→ THE TASK:
Here is a listing. Write it all out again exactly, but not its pictures.

→ RAW DATA:
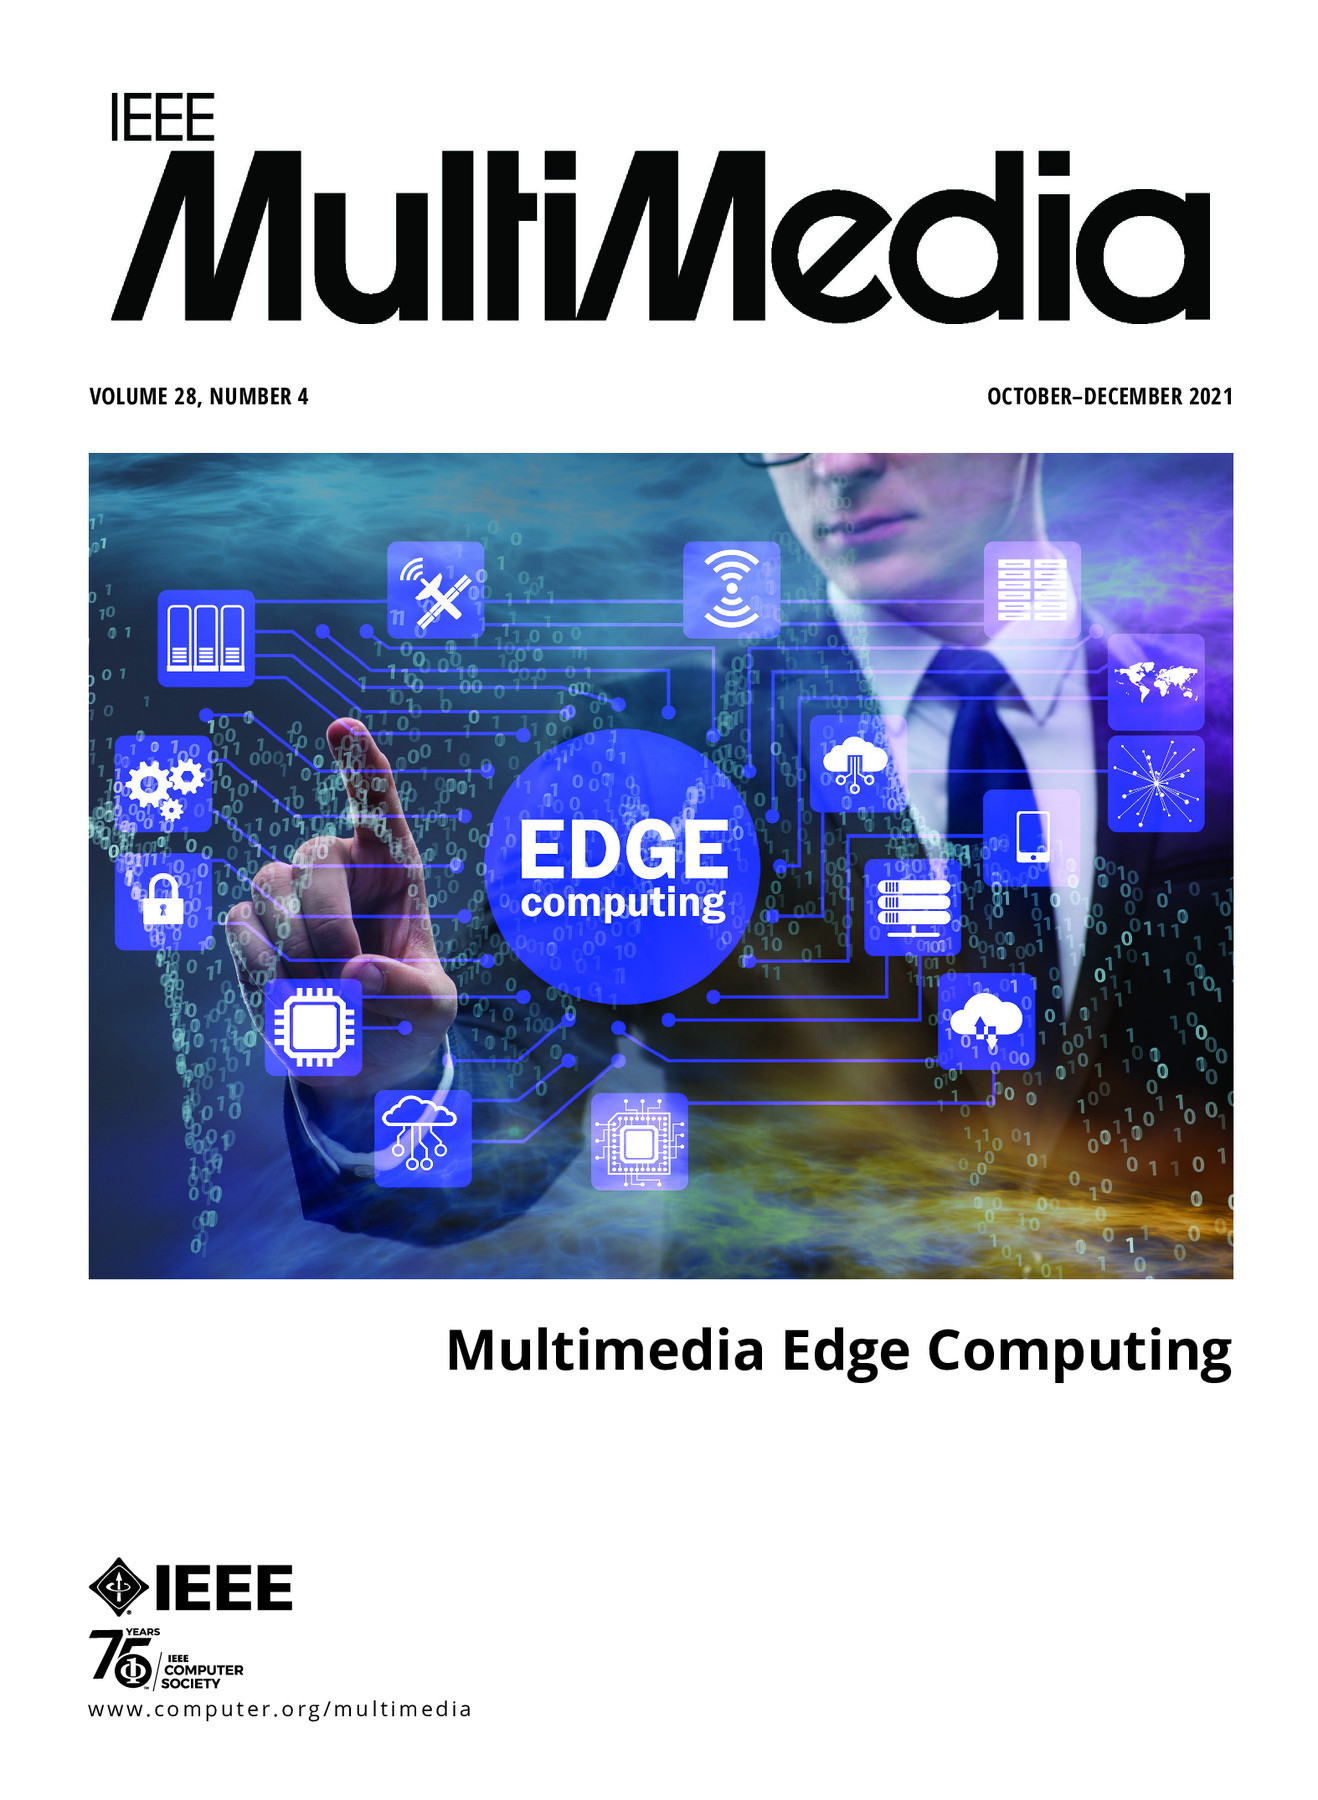 IEEE Multimedia October/November/December 2021 Vol. 28 No. 4
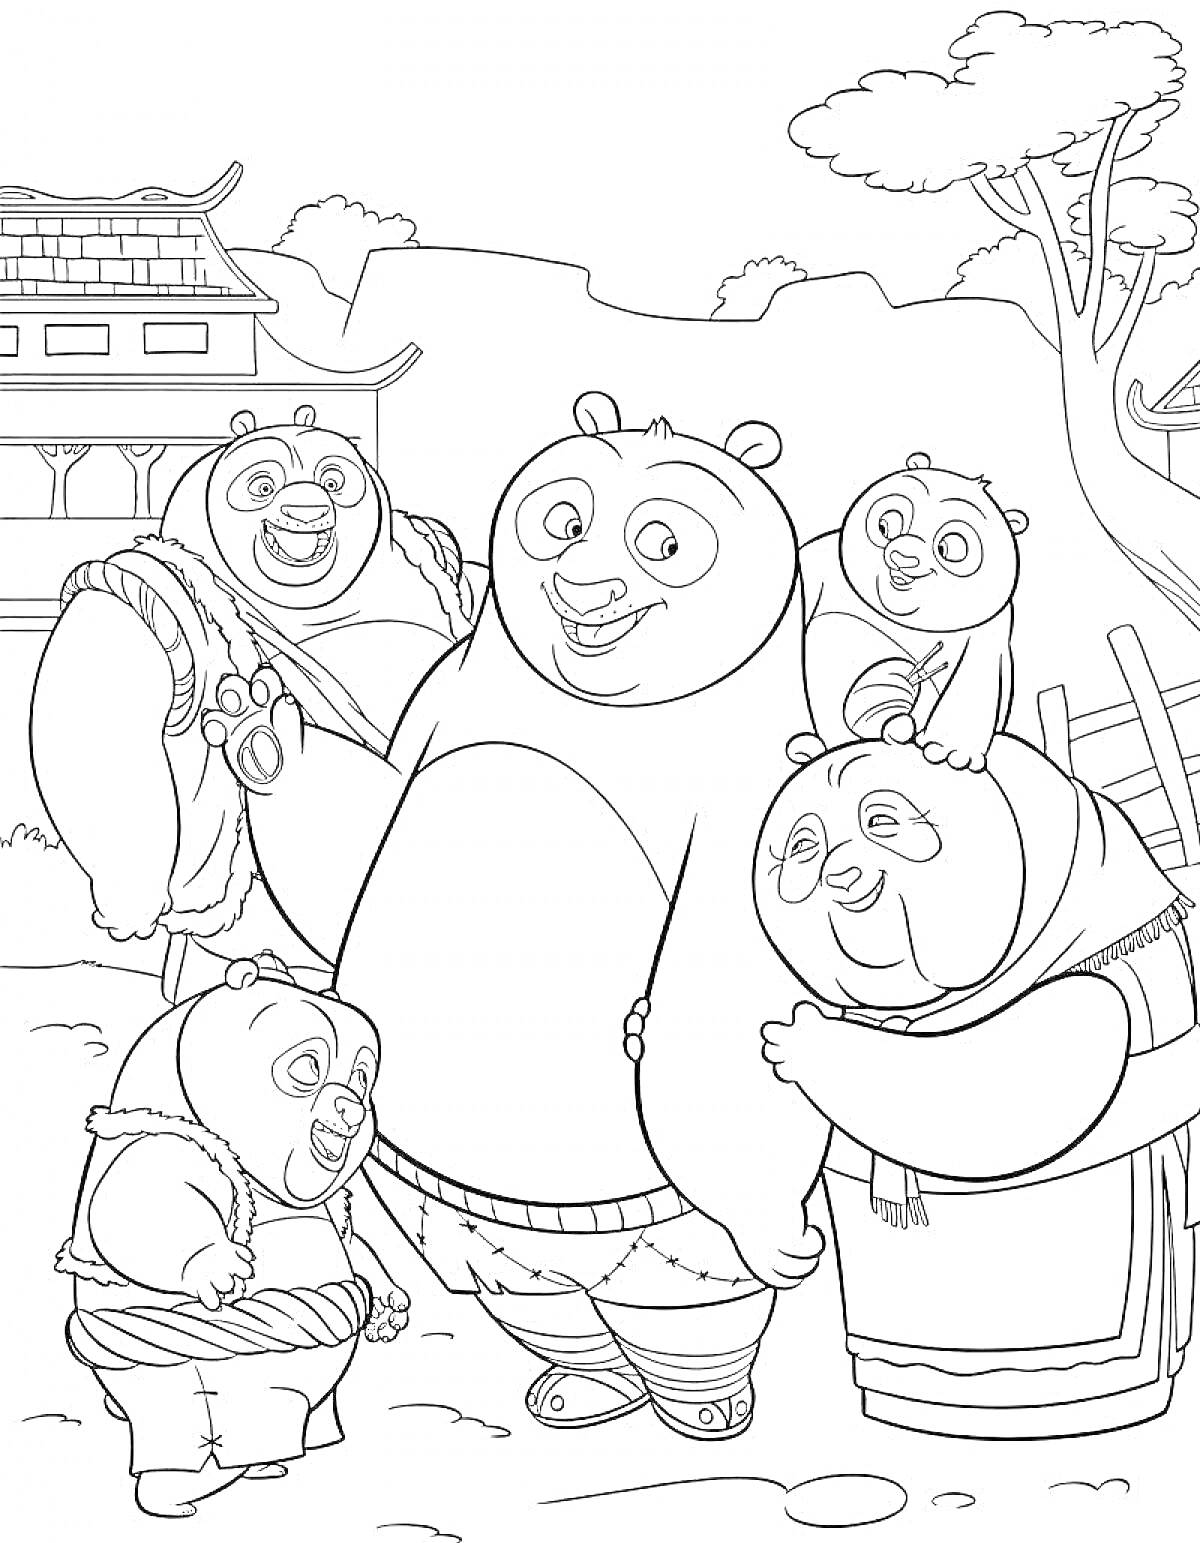 Раскраска Кунг-фу панда 3 - сцена с пандами на улице деревни, дом, деревья на заднем плане
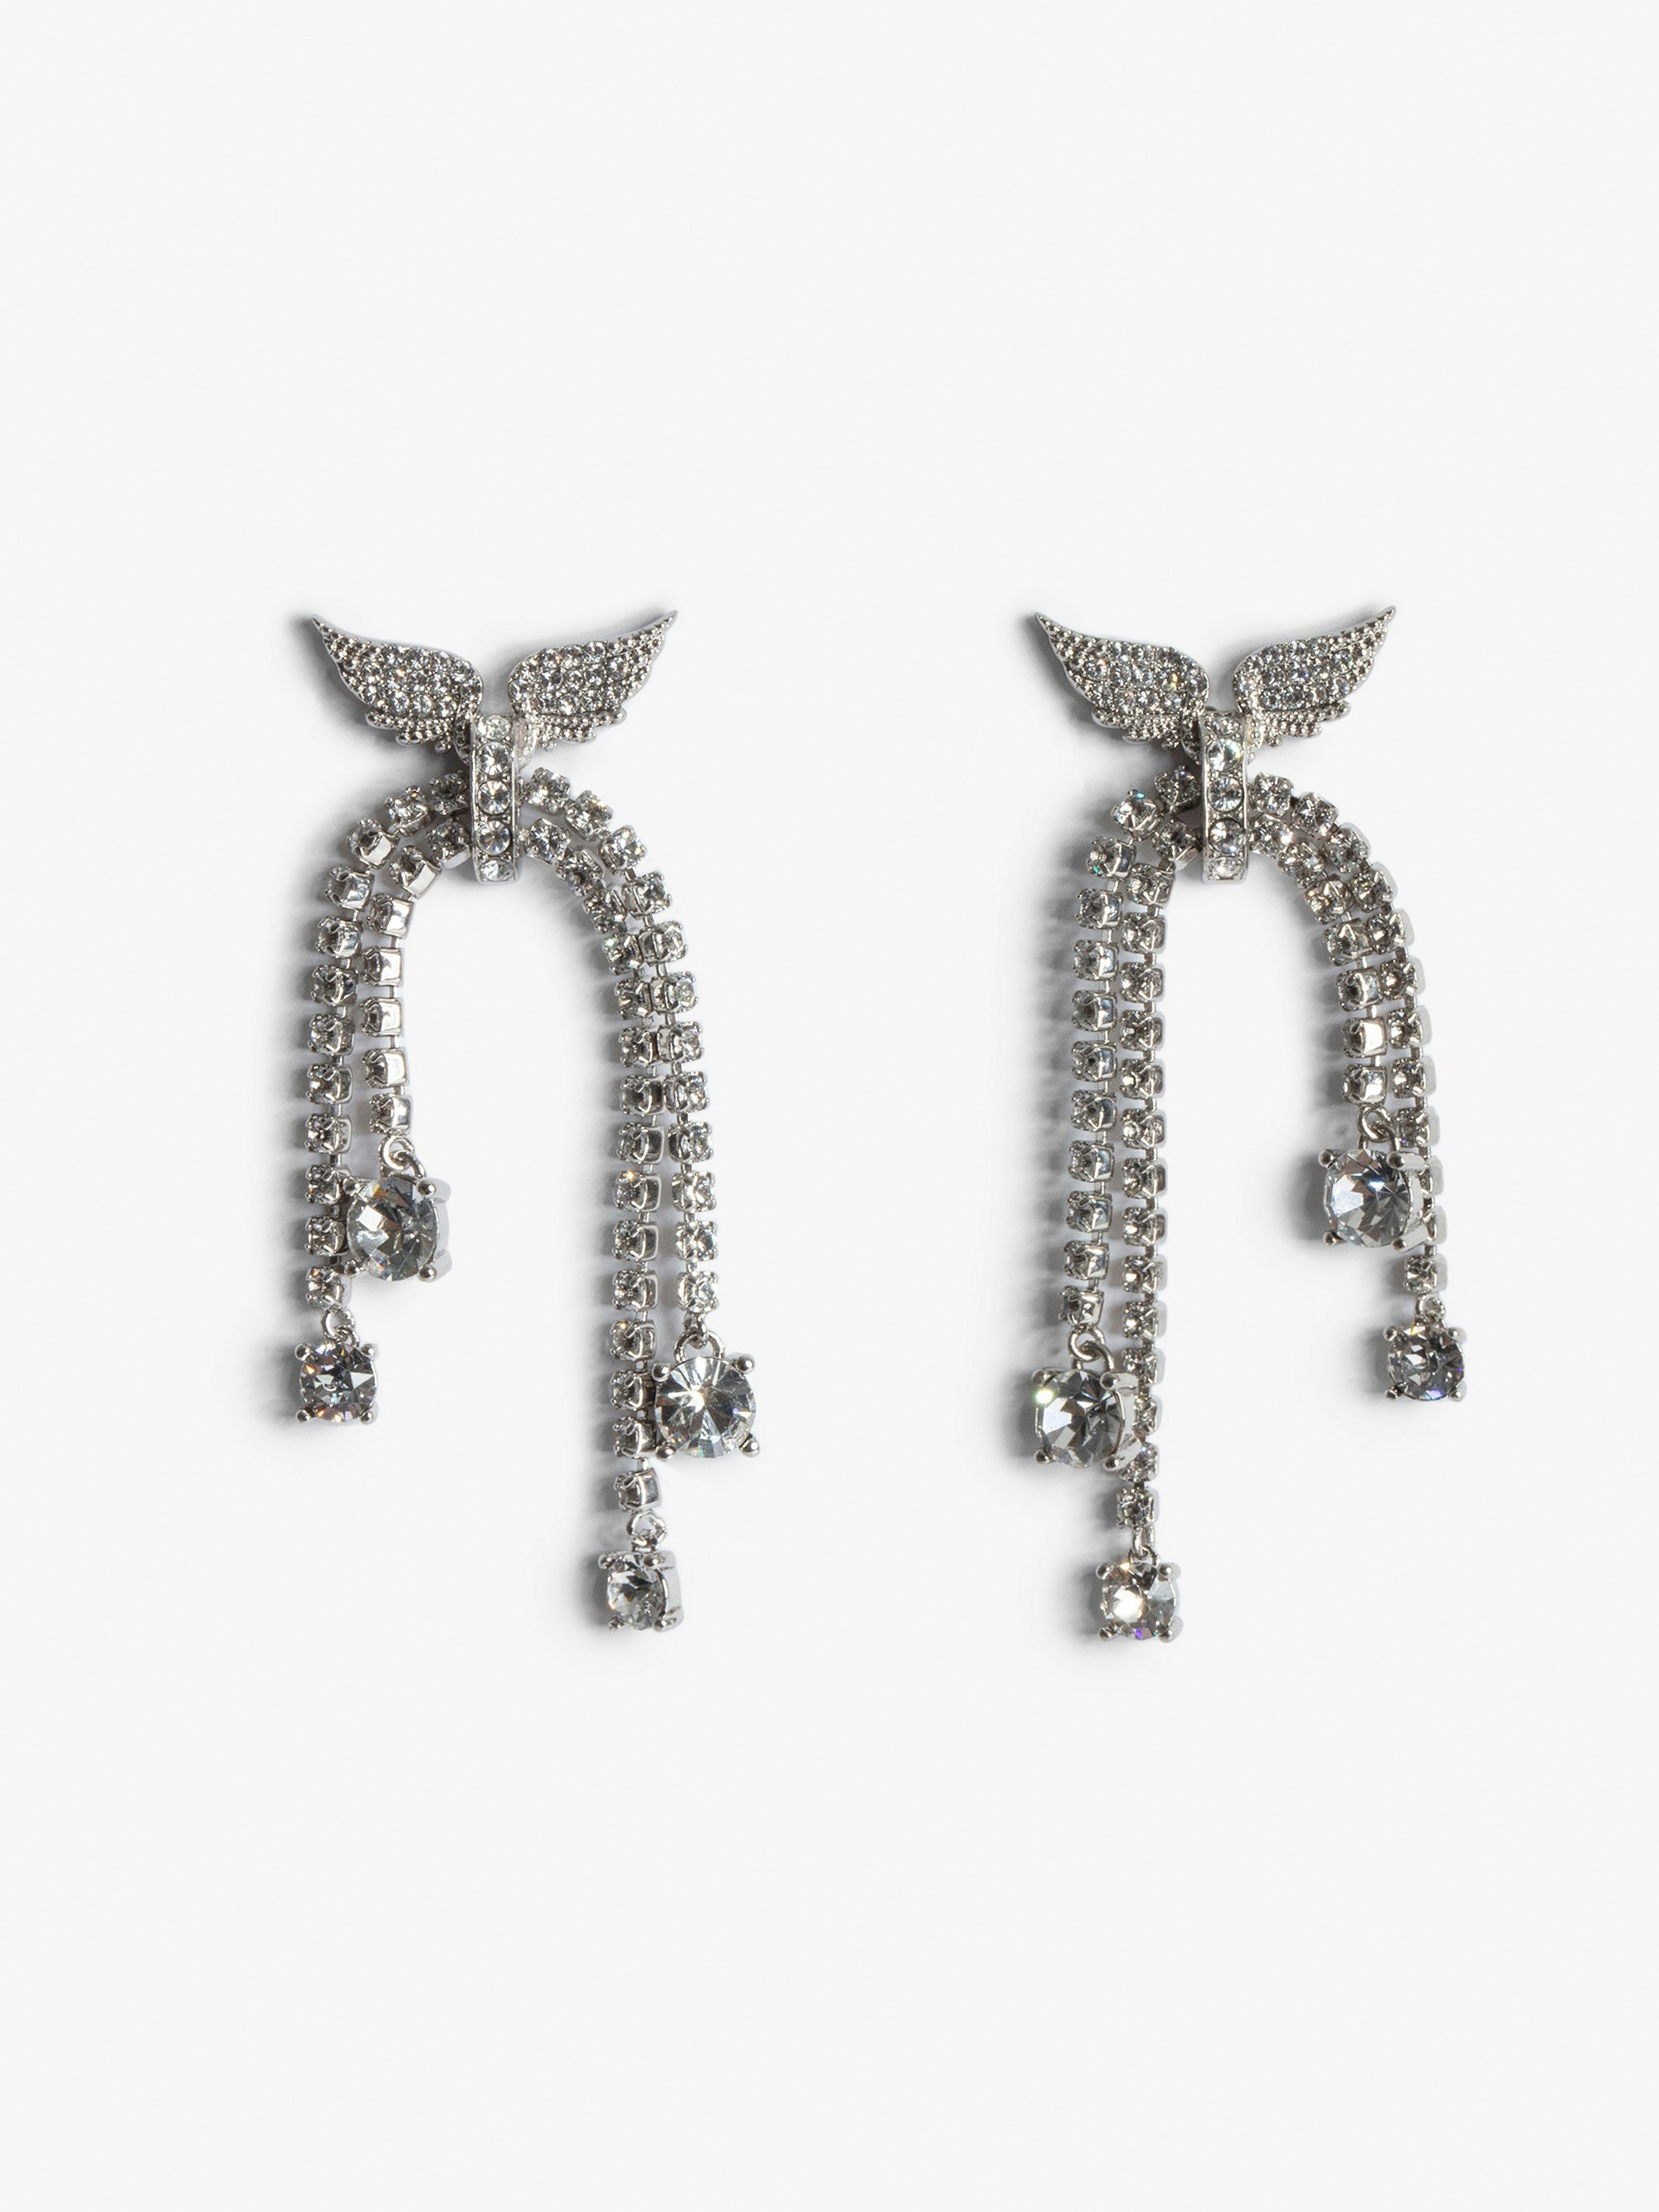 Rock Node Earrings - Silver-tone brass drop earrings with diamanté wings and tassels.

→ OUTPUT OF THE TASK:
 IEEE Multimedia October/November/December 2021 Vol. 28 No. 4
 Раскраска Кунг-фу панда 3 - сцена с пандами на улице деревни, дом, деревья на заднем плане
 Rock Node Earrings - Silver-tone brass drop earrings with diamanté wings and tassels.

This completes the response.